At a Paris conference, central bankers from rising economic powers such as China and India as well as the advanced economies of Europe and North America highlighted the risks of renewed inflation after a decade of moderation.
"The current surge in commodity prices, including food more recently, which is resulting in particular from supply being unable to match higher demand from emerging markets, reminds us globalisation can also lead to upside risks in world inflation," said European Central Bank President Jean-Claude Trichet.
Indian central bank chief Yaga Venugopal Reddy said monetary policymakers faced multiple challenges at once, from the turmoil in financial markets, exchange rate shifts and "unprecedented inflationary pressures due to food and energy prices."
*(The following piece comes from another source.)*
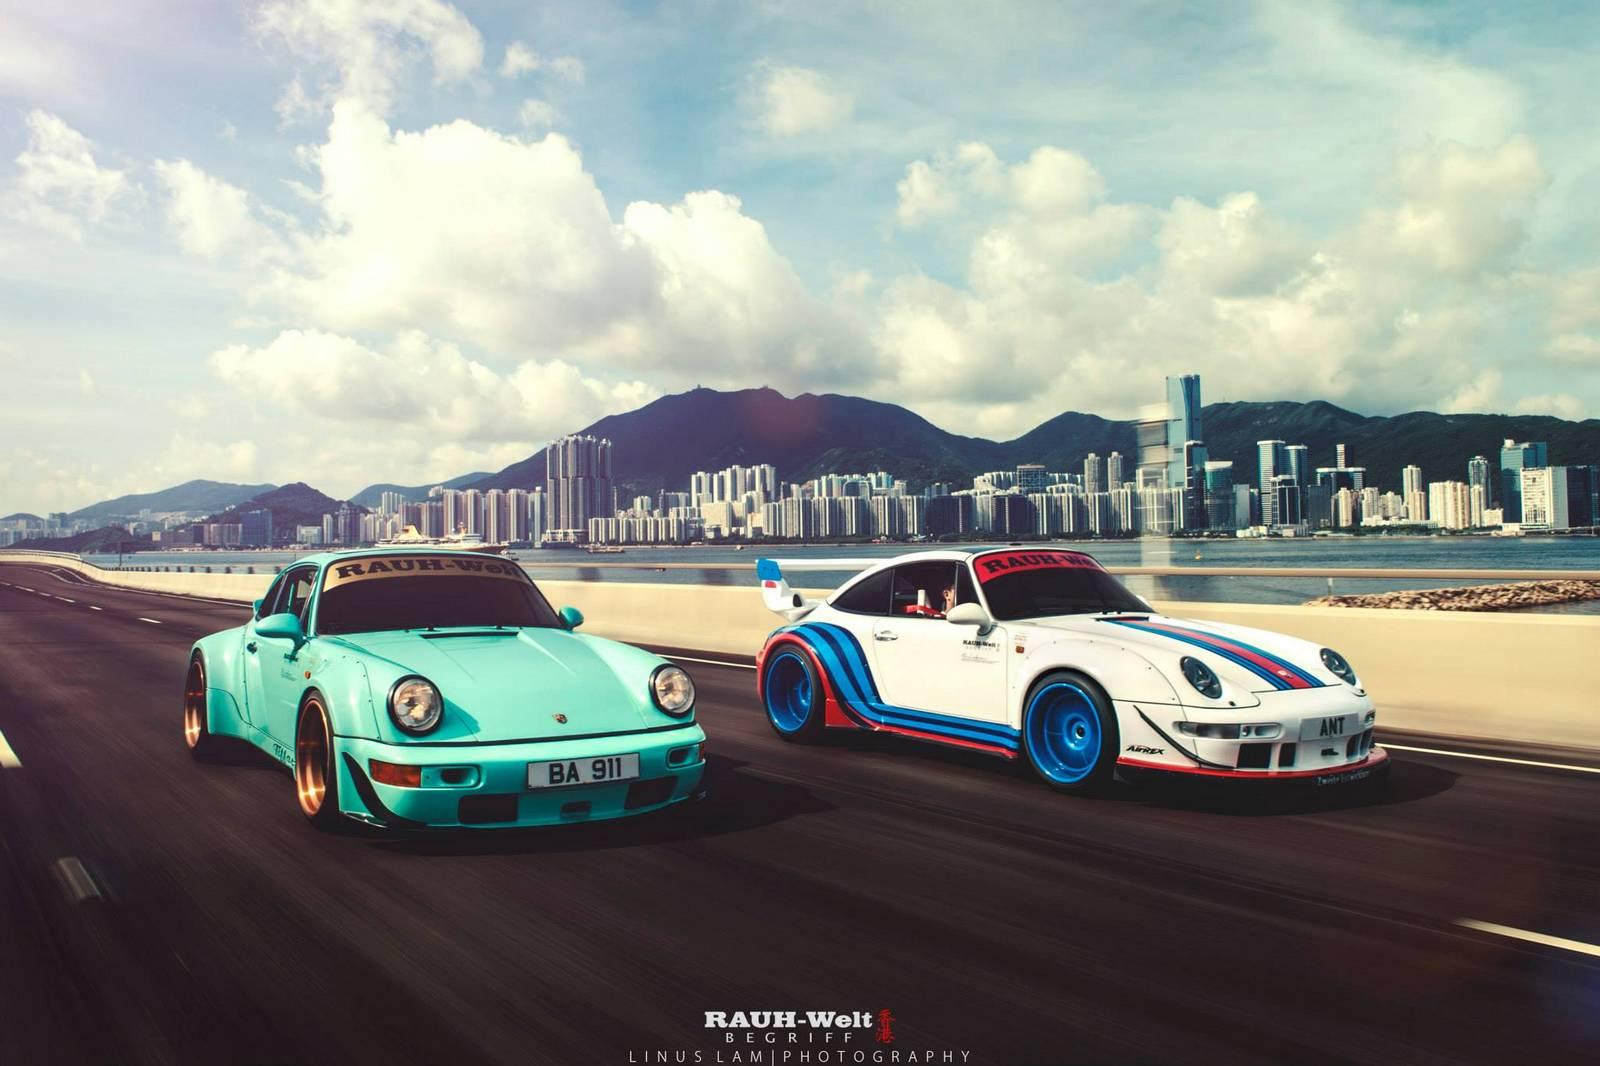 Porsche Rwb For Sale >> Photo Of The Day: Double RWB Porsche 911 in Hong Kong - GTspirit

As rising prosperity in China increases its citizens' taste for meat and milk, world production is straining to meet demand, and the central bankers acknowledged it was hard to measure just how big the inflationary threat was.
Tough Times Ahead
There were as many questions as answers from central bankers and other finance officials said life was hard for monetary policymakers everywhere due to major shifts in the economic balance as the U.S. powerhouse slows, and others too, while the emerging world continues to develop strongly.
"I do not believe that price movements continue to move in a constant direction," Dallas Federal Reserve President Richard Fisher said, noting that some prices were rising "straight up."
"The question is where do things settle down," he said.
Argentina central bank governor Martin Redrado said that U.S. economic downturn might slow some other economies too and this could ease demand for commodities, thus easing the current price surges.
"Looking ahead, U.S. weak output growth and its eventual contagion to other economies would restrict non-speculative demand for commodities, especially oil," he said.
That said, International Monetary Fund deputy John Lipsky said he did not see commodity prices easing any time soon.
China's inflation rate is running at an 11-year high of 7.1 percent and seen heading higher, and India's annual inflation rate is running at near 5 percent, according to official statistics.
Food and/or energy prices are also pushing prices higher in the developed world, with U.S. inflation running at more than four percent, euro zone inflation at 3.2 percent.
"There is a quick catch up of the cost side in terms of rising asset prices in China and rising commodity prices in the world," said Chinese central bank vice governor Yi Gang.
The soaring cost of food commodities from wheat to oilseeds to milk is more recent than the rise in oil, which has hit an inflation-adjusted all-time record.
What policymakers' fear now is that rises in everyday food costs will undermine consumers' faith in the power of central banks to keep inflation under control in the longer term, and central bankers at the conference hosted by the Bank of France acknowledged they faced tough challenges.
"The difficulty in the present juncture is disentangling what is structural and what is conjunctural," said Trichet of the ECB, which sets one interest rate for the 15 countries of the euro currency zone.
Speaking at a separate conference in Norway, German central bank boss Axel Weber, who also sits on the ECB's rate-setting council, said: "Long-term inflation expectations derived by break-even rates have also picked up over the past weeks, resuming their upward trend observable since last summer."